К сожалению, Стрезикозины в Горно-Алтайске не задержались, вернулись в Москву, теперь их половину дома по Театральной, 6 заняли мы, а в нашей поселилась семья Белявских. В результате такой квартирной ротации наши жилищные условия улучшились, а с другой стороны, мы лишились дружеской соседской поддержки и опоры. Дмитрия отдали в садик, но иногда обстоятельства складывались так, что сына приходилось брать с собой на занятия. Присутствие его в учебной аудитории я старалась сделать как можно более незаметным: пристраивала на задний ряд, где потемнее, вручала бумагу, карандаши, яблоко, книжку с картинками или раскраску, строго наказывала: «Сиди тихо, из-за парты не выходи, иначе…» «Иначе» предусмотрительно не расшифровывалось, но в ощущении страшной альтернативы ребенок пыхтел, возился и перемещался в пределах скамьи, нырял под нее и снова выныривал, что условиями не возбранялось, ронял карандаши, хрустел яблоком, но все в границах договоренности. Древнерусскую литературу, которую я успела полюбить как родную, читала двум потокам — у литераторов и историков, и так случилось, что на одну и ту же лекцию по «Слову…» Димка попал дважды. Насторожившись на своей галерке, он вдруг возмущенно закричал: «Знаю я про это… Уже говорила!.. Зачем опять?»

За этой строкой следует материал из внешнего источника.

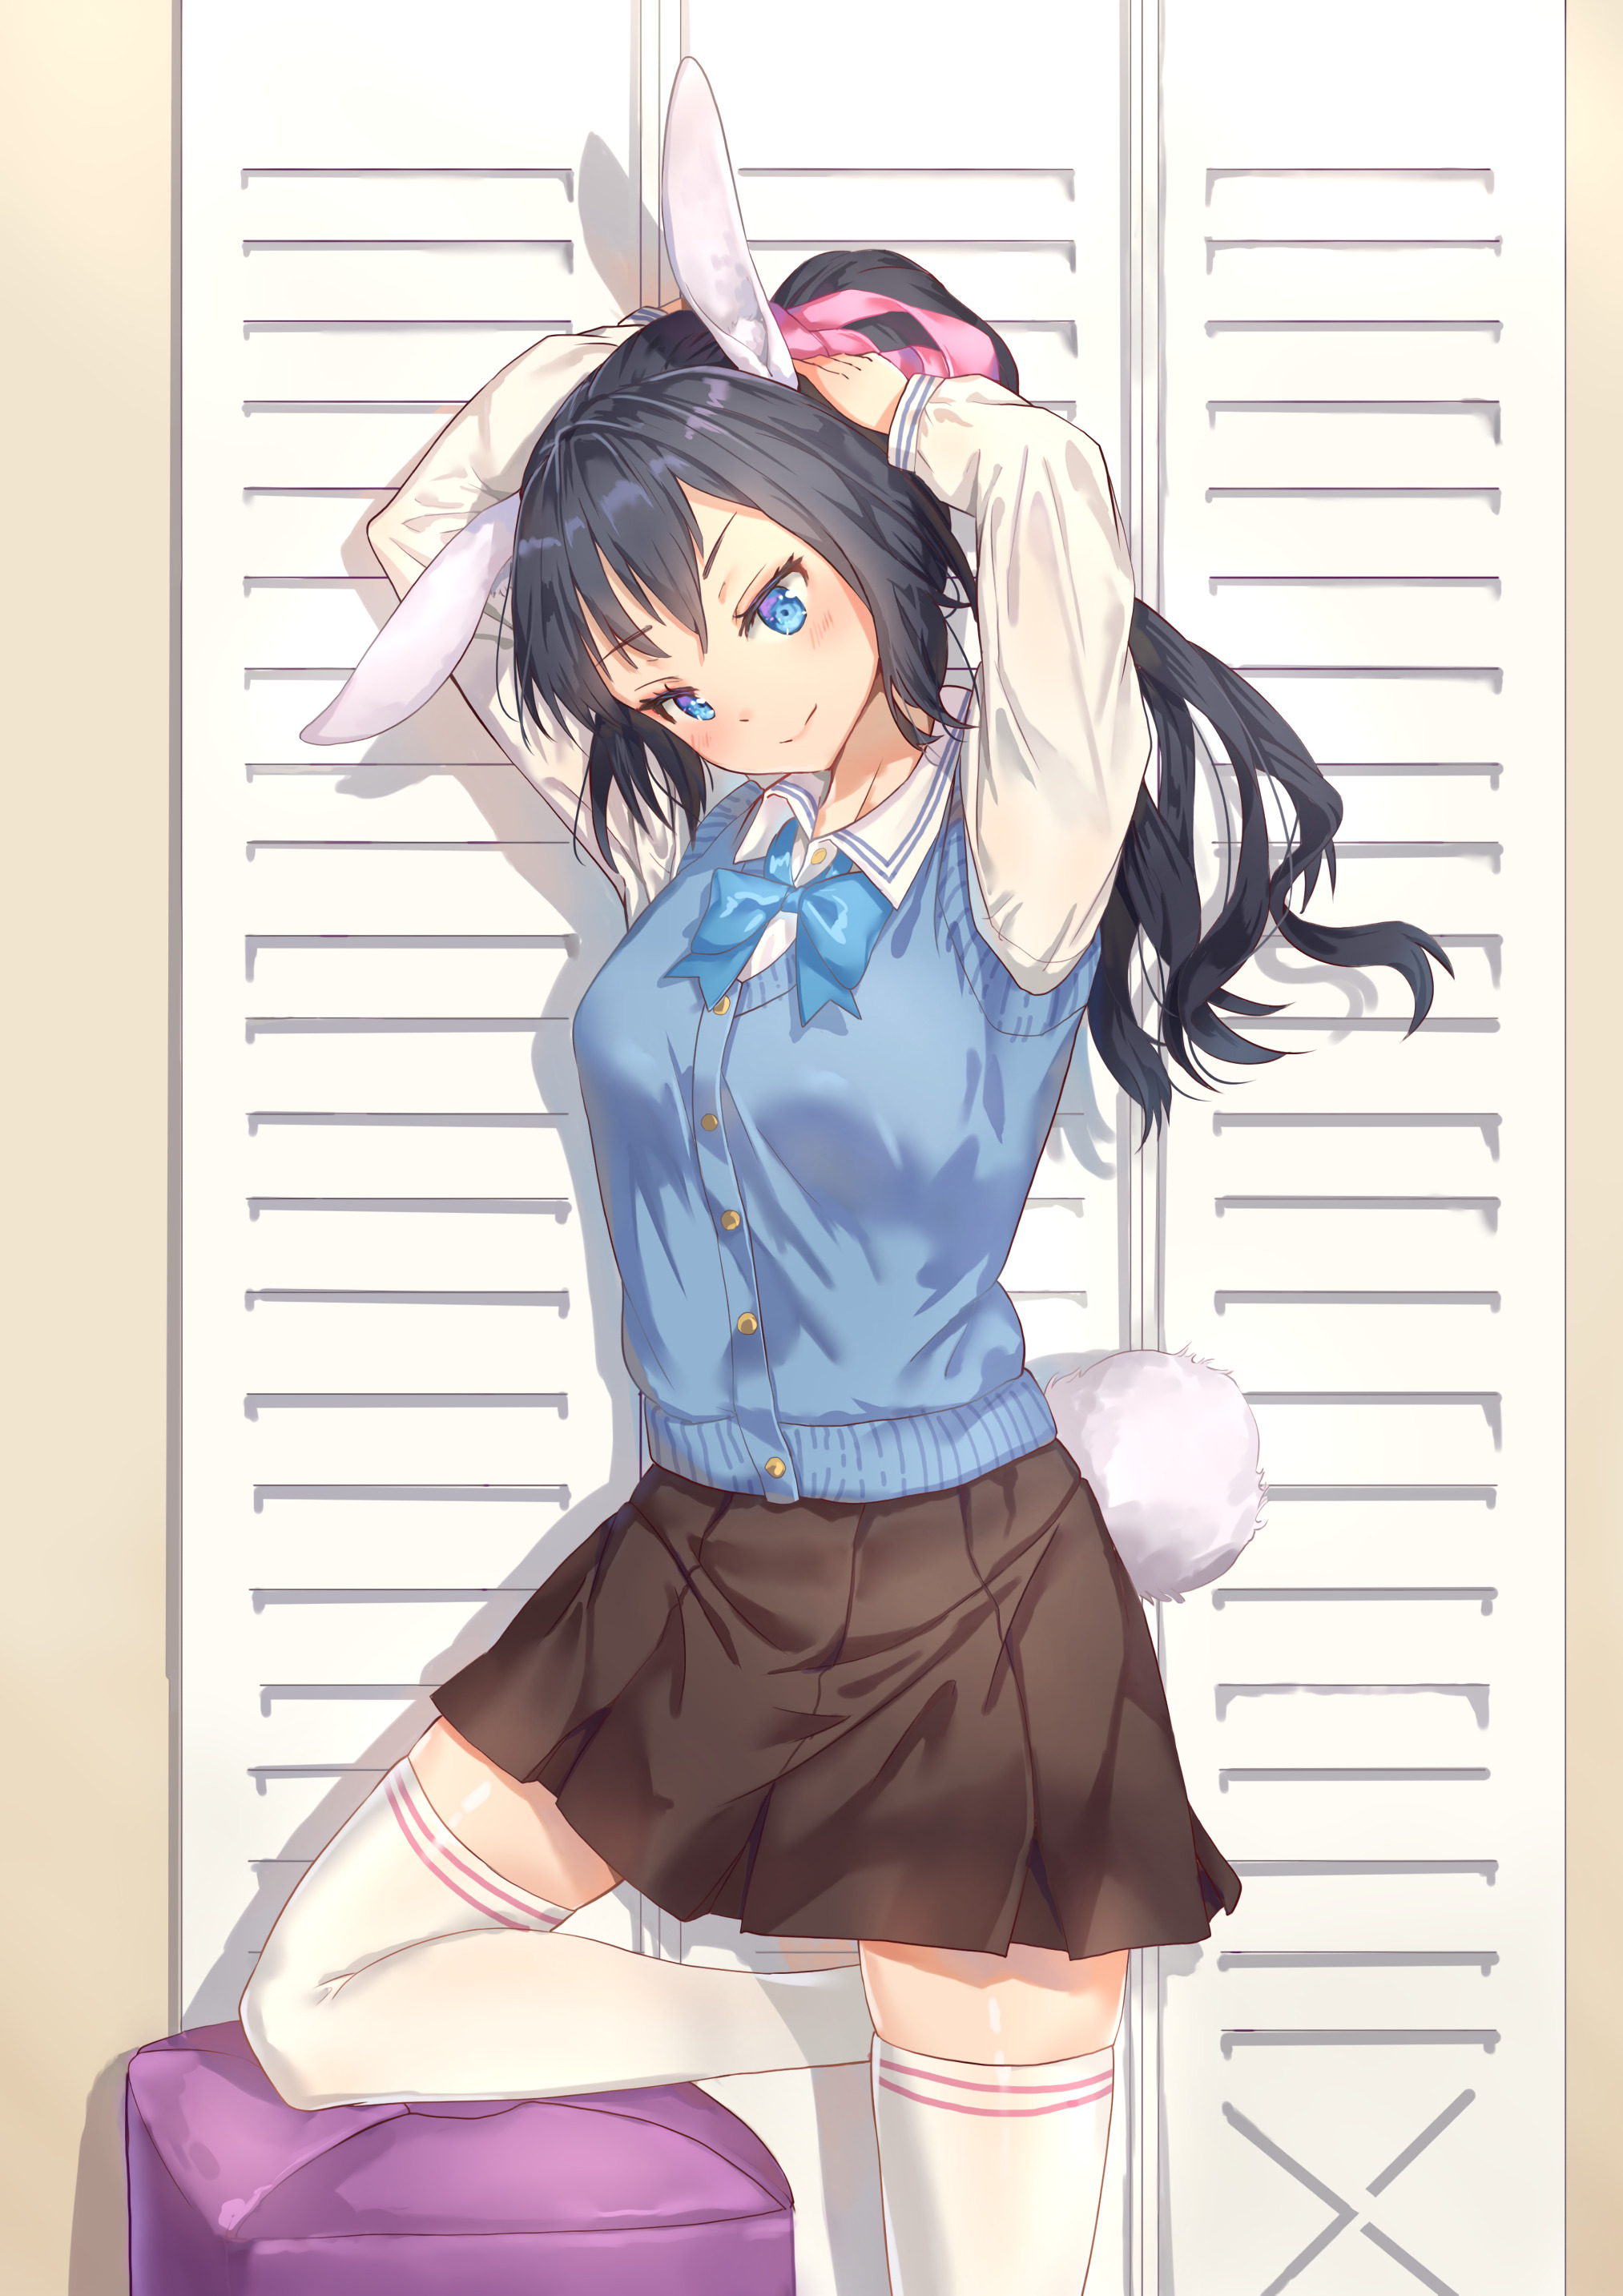 Girl Schoolgirl Ears Hare Anime

На практических и кружковых занятиях обстановка выглядела более приватной. От студентов я требовала заучивания многих стихотворных и даже прозаических текстов наизусть, стихи звучали и дома, и Димка с его восприимчивостью к слову и хорошей памятью рвался подсказать и вообще подать свой голос, что называется, на равных.

В возрасте четырех-пяти лет он серьезно помогал по хозяйству: ему можно было доверить пригляд за спящей сестренкой, поручить покупку молока или хлеба, с зажатой в кулачке записочкой послать и за другими продуктами. В студенческую столовую, что располагалась неподалеку от нашего дома, он ходил с двумя судками: приносил и первое — щи или борщ, и второе — пюре с котлетой или жирный свиной плов. Деликатно минуя студенческую очередь, подходил прямо к раздаче, и ему всегда наливали погуще и накладывали повкуснее. Наверное, два таких не очень умудренных родителя, как мы с Евгением, небескорыстно пользовались детским обаянием, и общественное мнение не дремало. «Правозащитники» были и тогда, нашлись они и в Горно-Алтайске. «Жертва семейной эксплуатации» тем не менее не унывала: процветала и пожинала плоды людского сочувствия.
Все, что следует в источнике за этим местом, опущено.